• **DATA SECTION**
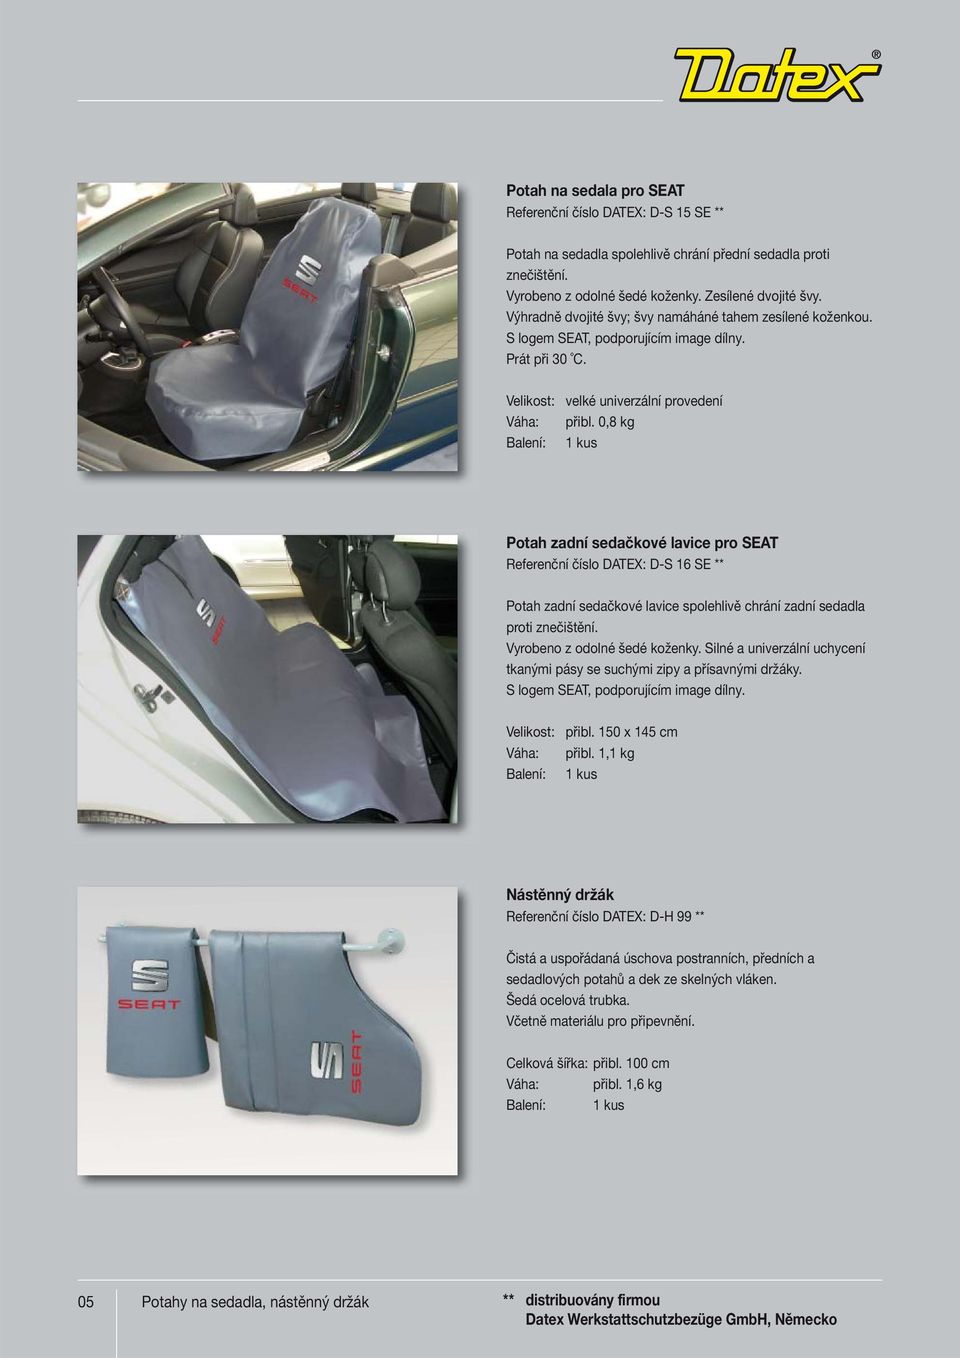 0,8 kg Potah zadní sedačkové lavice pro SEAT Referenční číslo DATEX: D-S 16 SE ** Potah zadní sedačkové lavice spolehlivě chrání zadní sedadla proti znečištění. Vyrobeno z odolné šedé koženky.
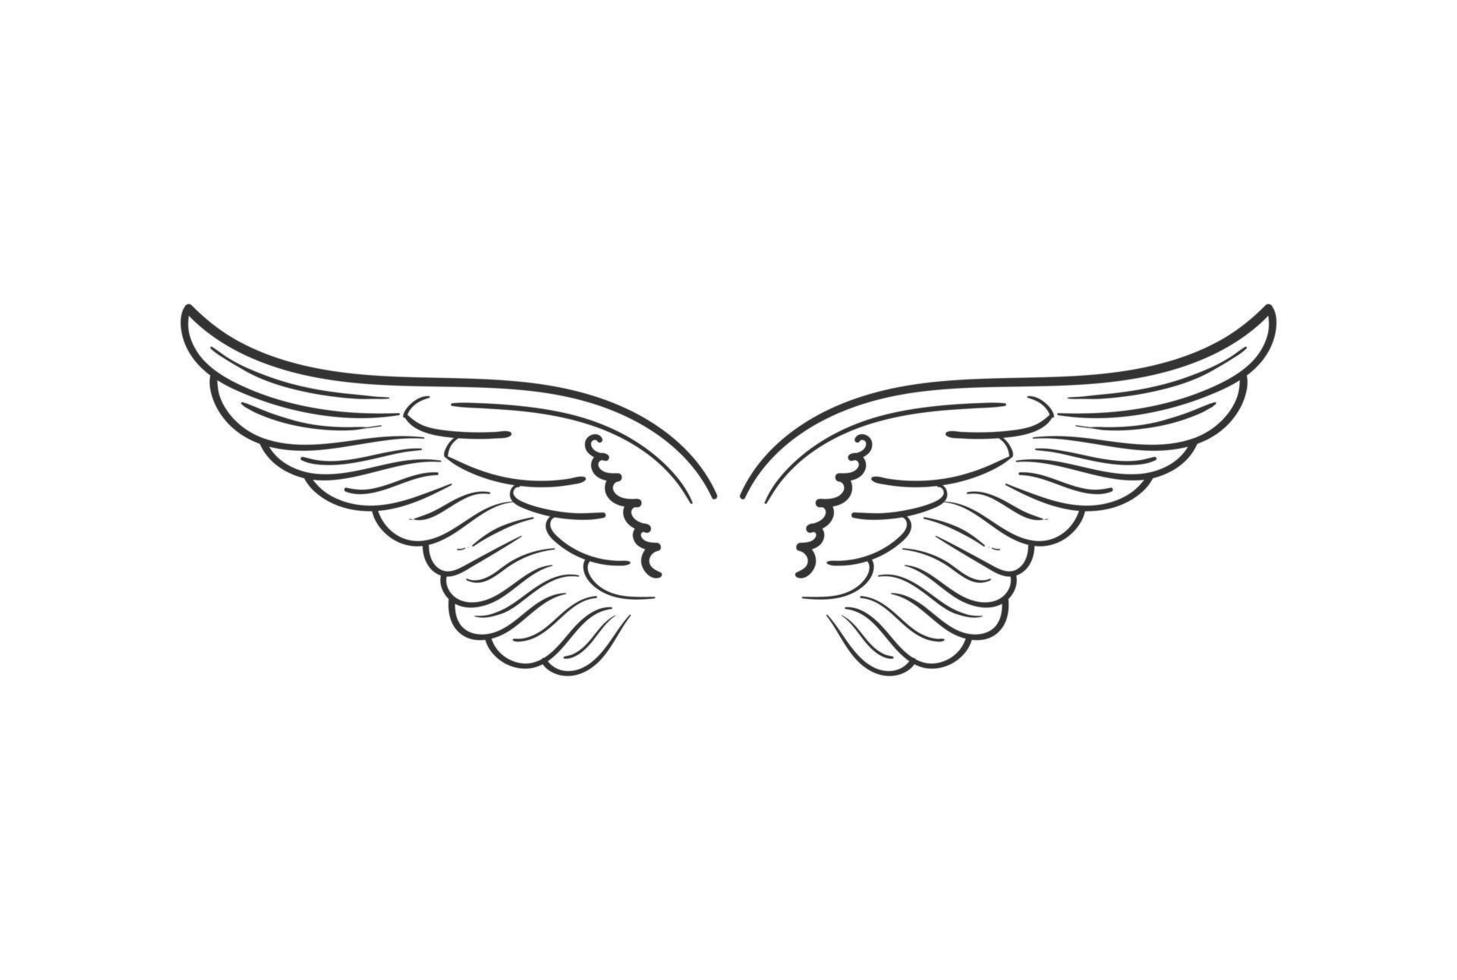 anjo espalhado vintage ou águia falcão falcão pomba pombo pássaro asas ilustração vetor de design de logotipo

---

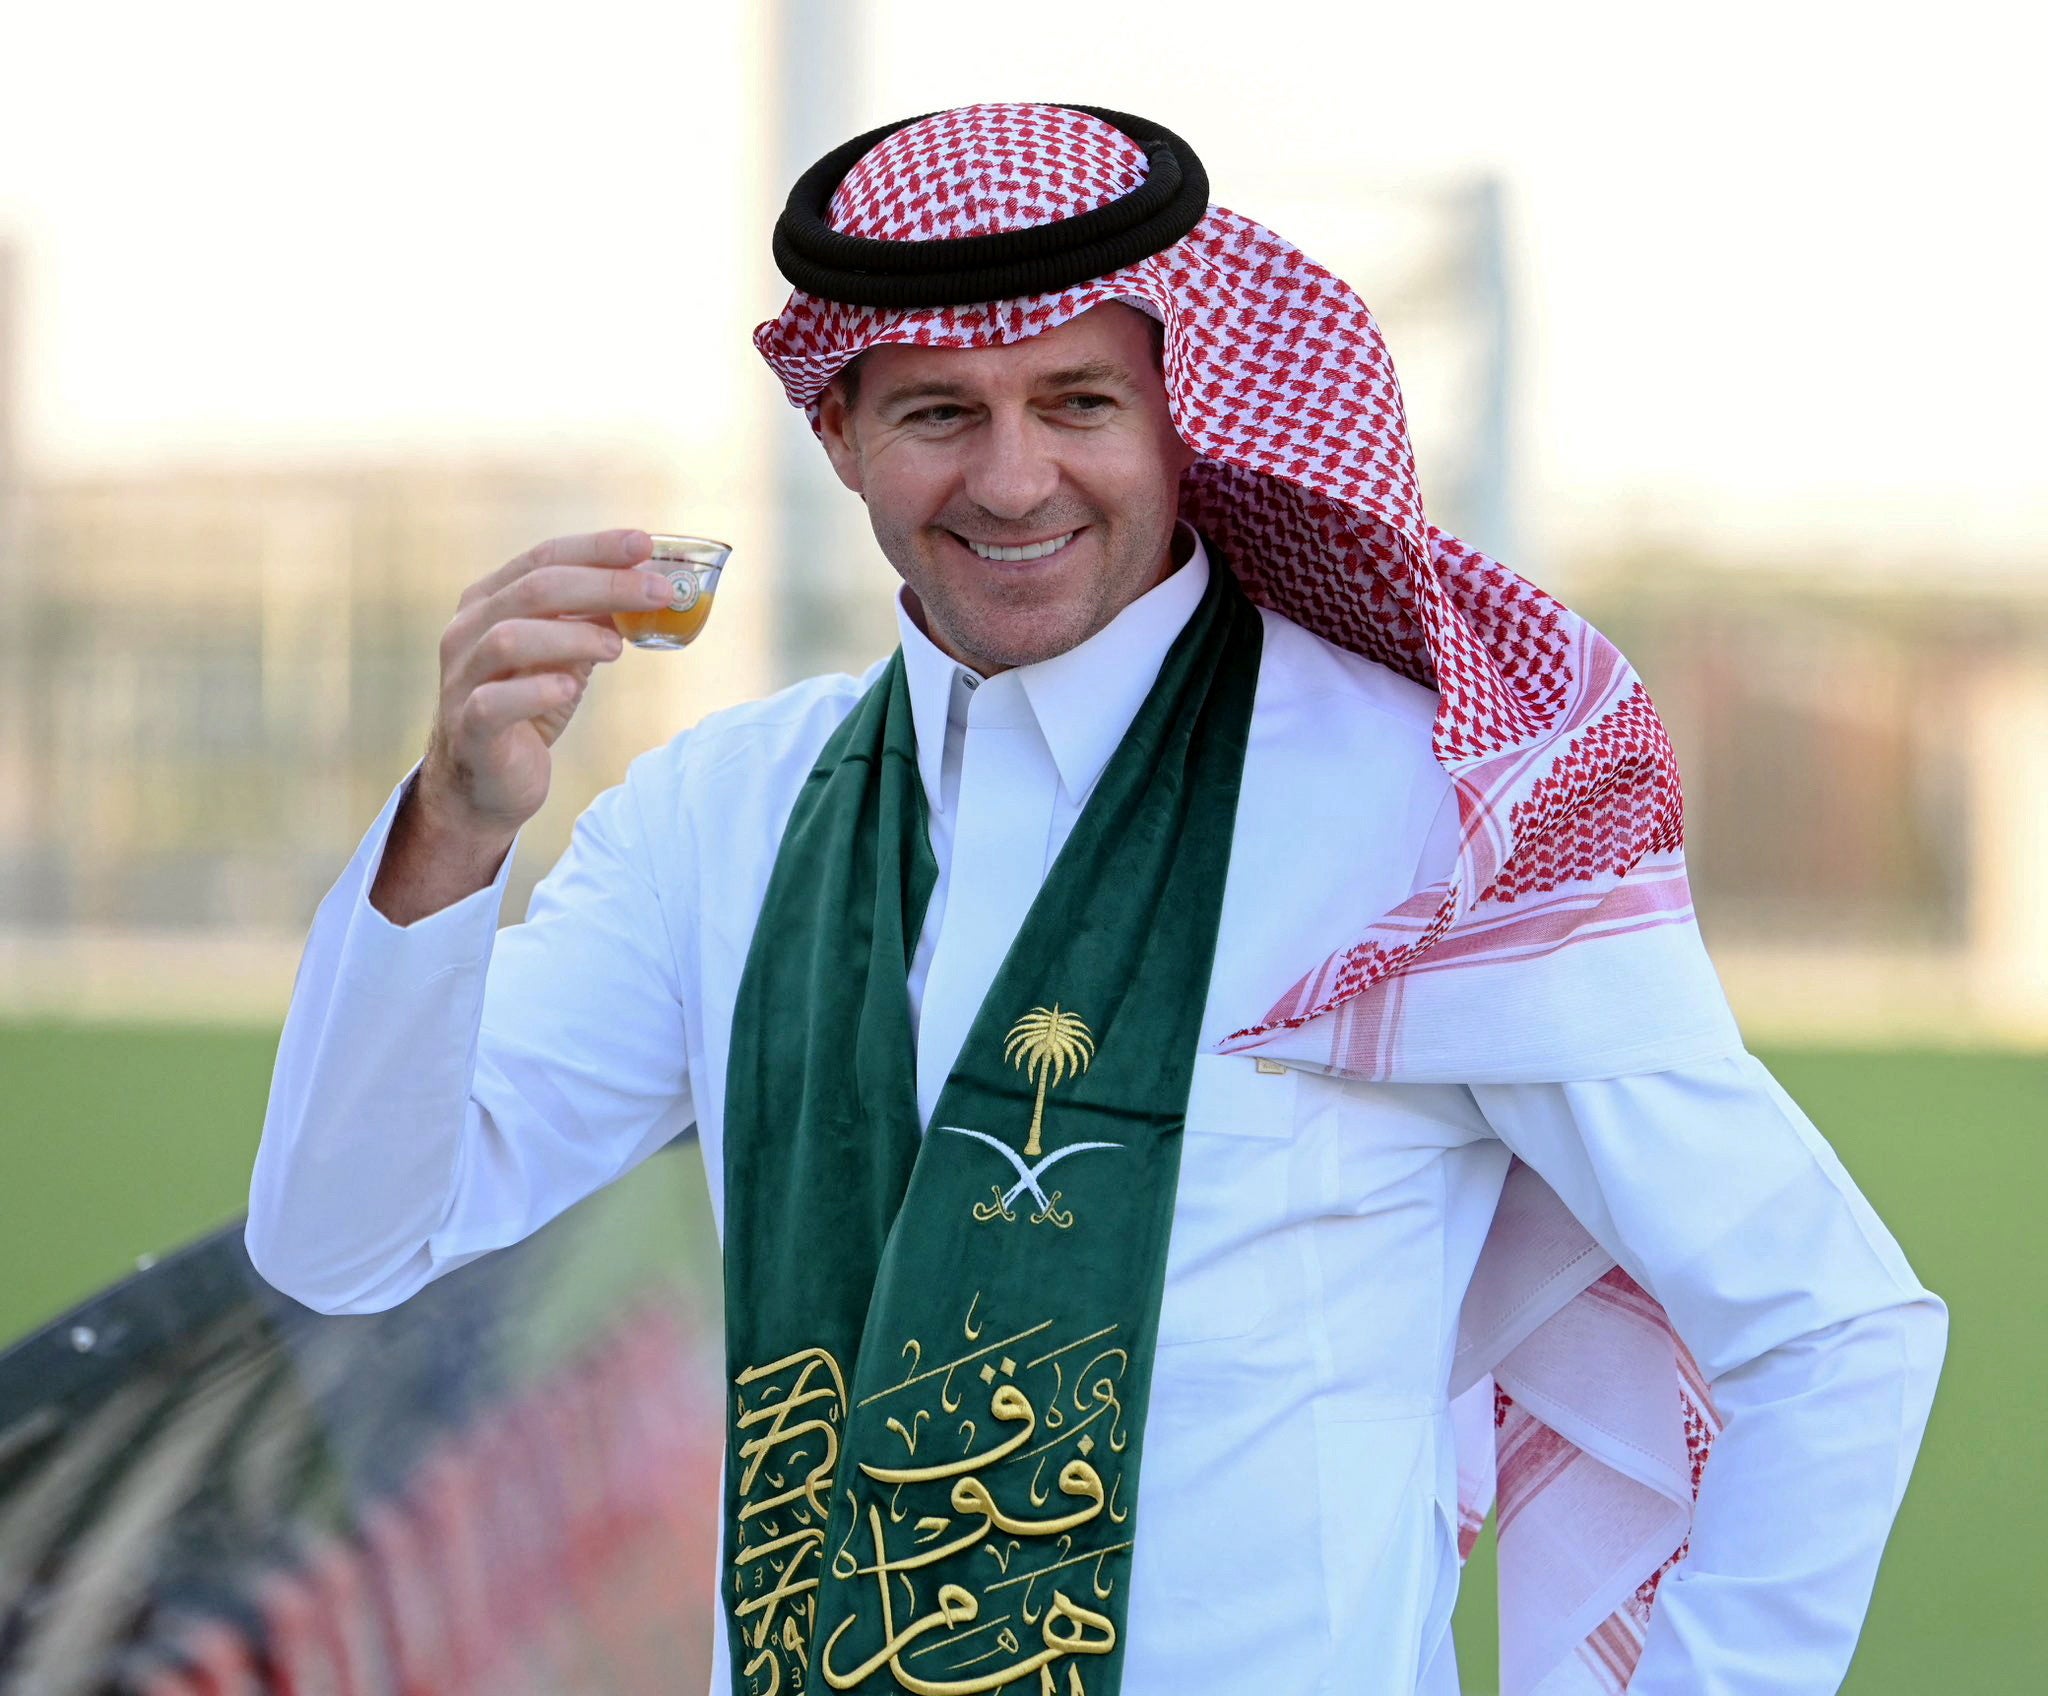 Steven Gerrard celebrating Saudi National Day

• **WORK INSTRUCTIONS**
The material above holds pictures; leave them out. Repeat exactly the lines from the one containing "0,8 kg Potah" through the one containing "anjo espalhado vintage", and nothing else.

• **RESPONSE**
 0,8 kg Potah zadní sedačkové lavice pro SEAT Referenční číslo DATEX: D-S 16 SE ** Potah zadní sedačkové lavice spolehlivě chrání zadní sedadla proti znečištění. Vyrobeno z odolné šedé koženky.
 anjo espalhado vintage ou águia falcão falcão pomba pombo pássaro asas ilustração vetor de design de logotipo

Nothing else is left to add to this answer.